WHAT YOU ARE ASKED TO DO:
Every line of the material is to be transcribed verbatim, with images omitted.

SOURCE MATERIAL:
——

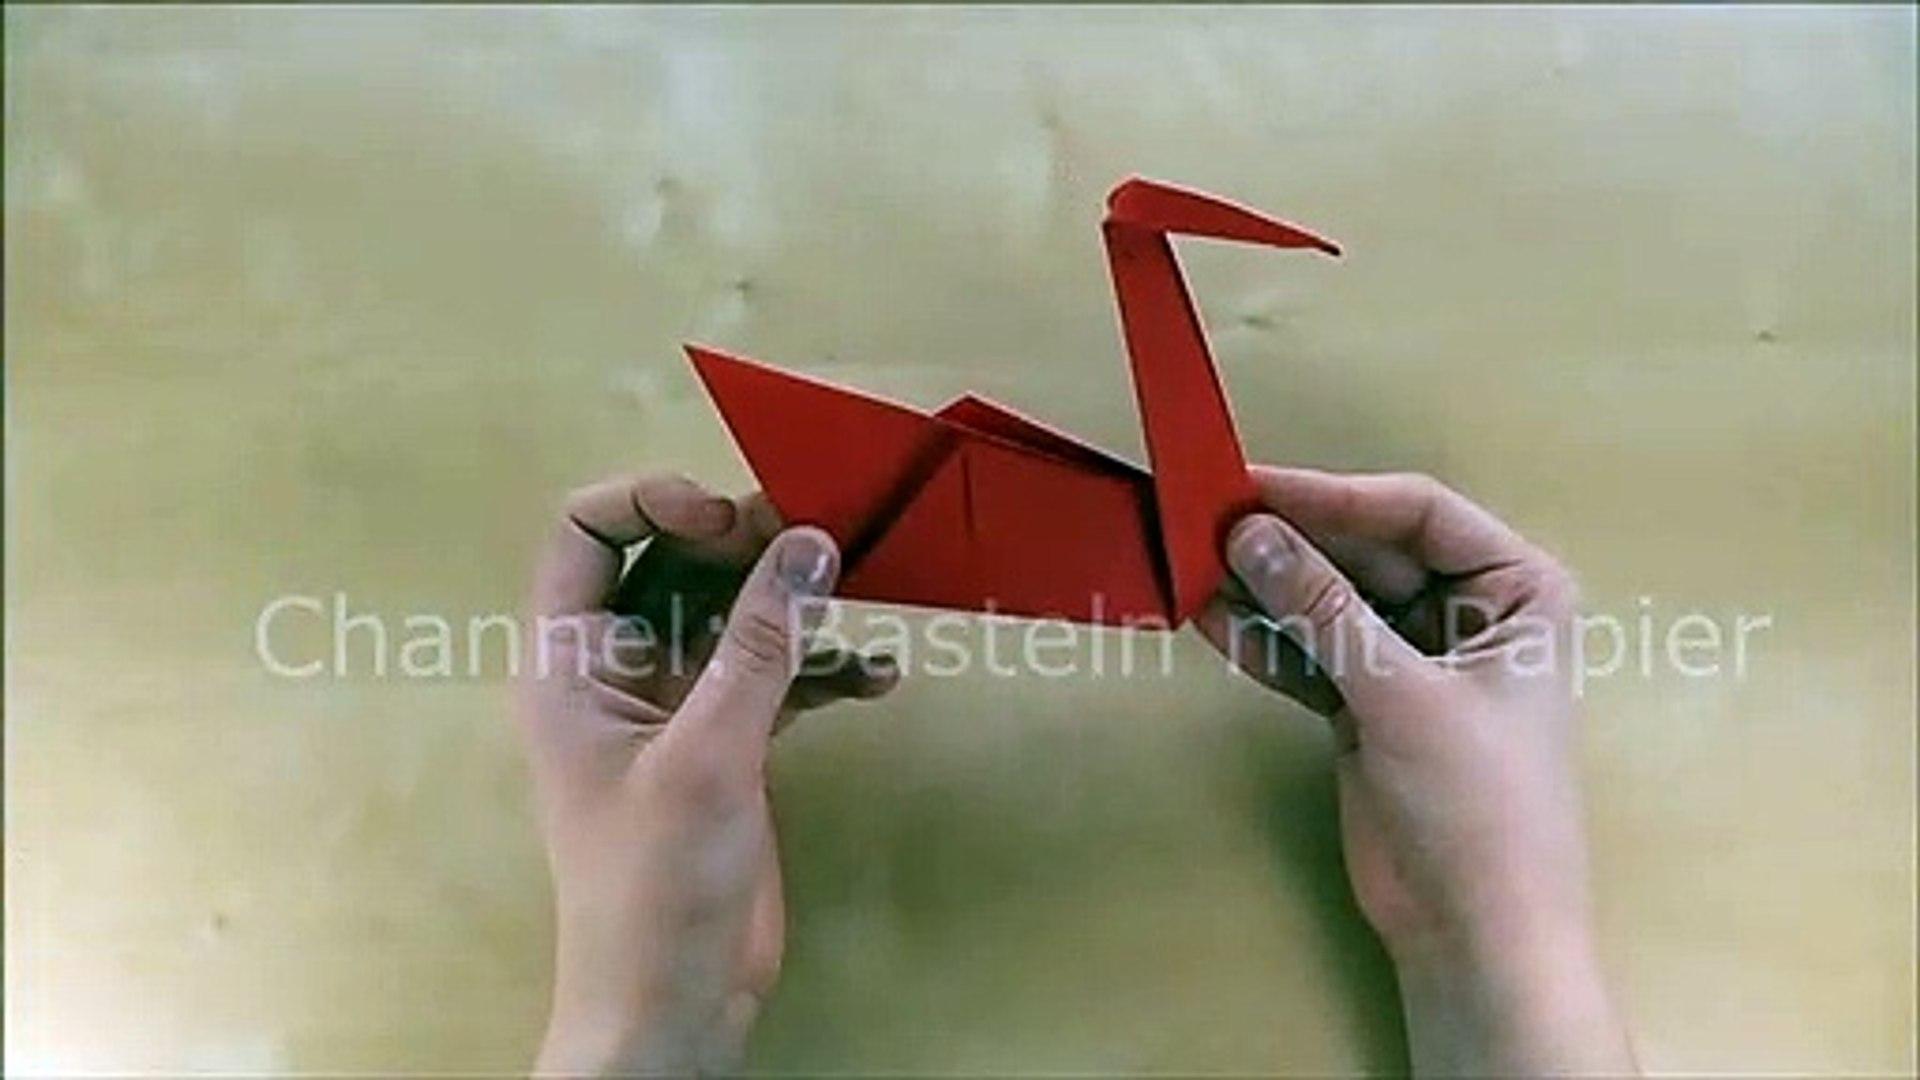 Origami Schwan Basteln Mit Papier Bastelideen Tiere Falten Mit Kindern
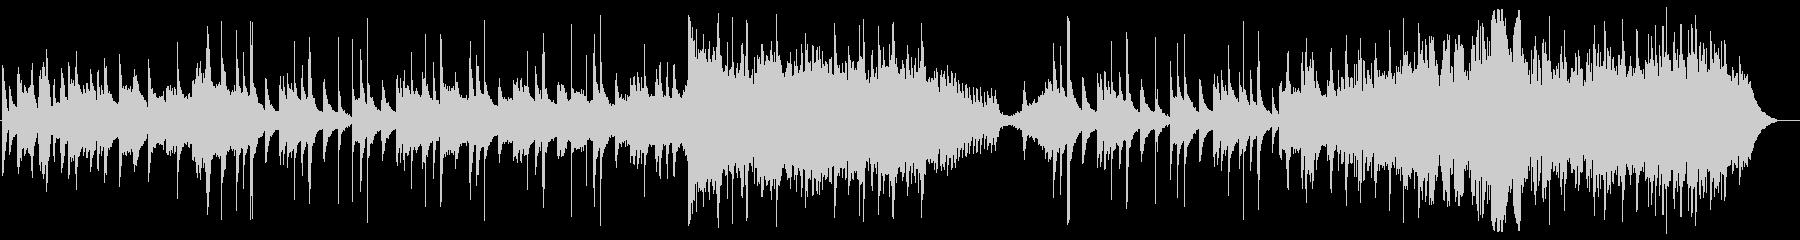 幻想的なハープとストリングスの未再生の波形
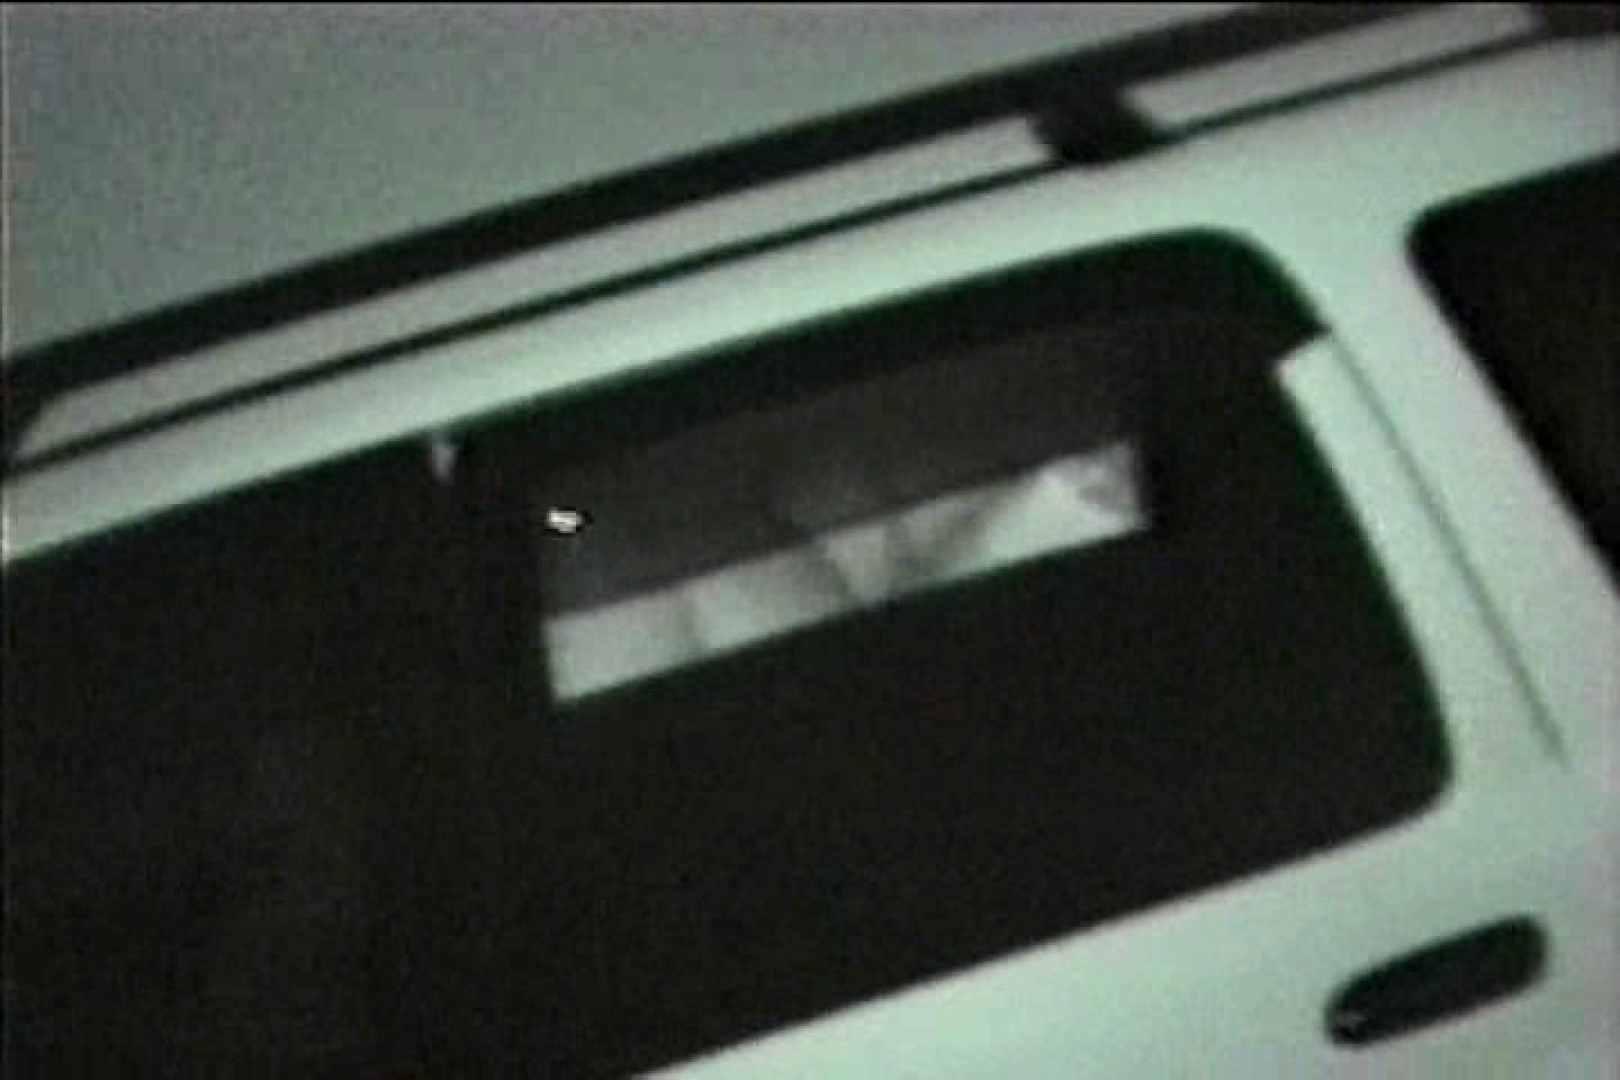 車の中はラブホテル 無修正版  Vol.7 ホテルでエッチ | ラブホテル  41pic 25

——

ANSWER SECTION:
 Origami Schwan Basteln Mit Papier Bastelideen Tiere Falten Mit Kindern
 幻想的なハープとストリングスの未再生の波形
 車の中はラブホテル 無修正版  Vol.7 ホテルでエッチ | ラブホテル  41pic 25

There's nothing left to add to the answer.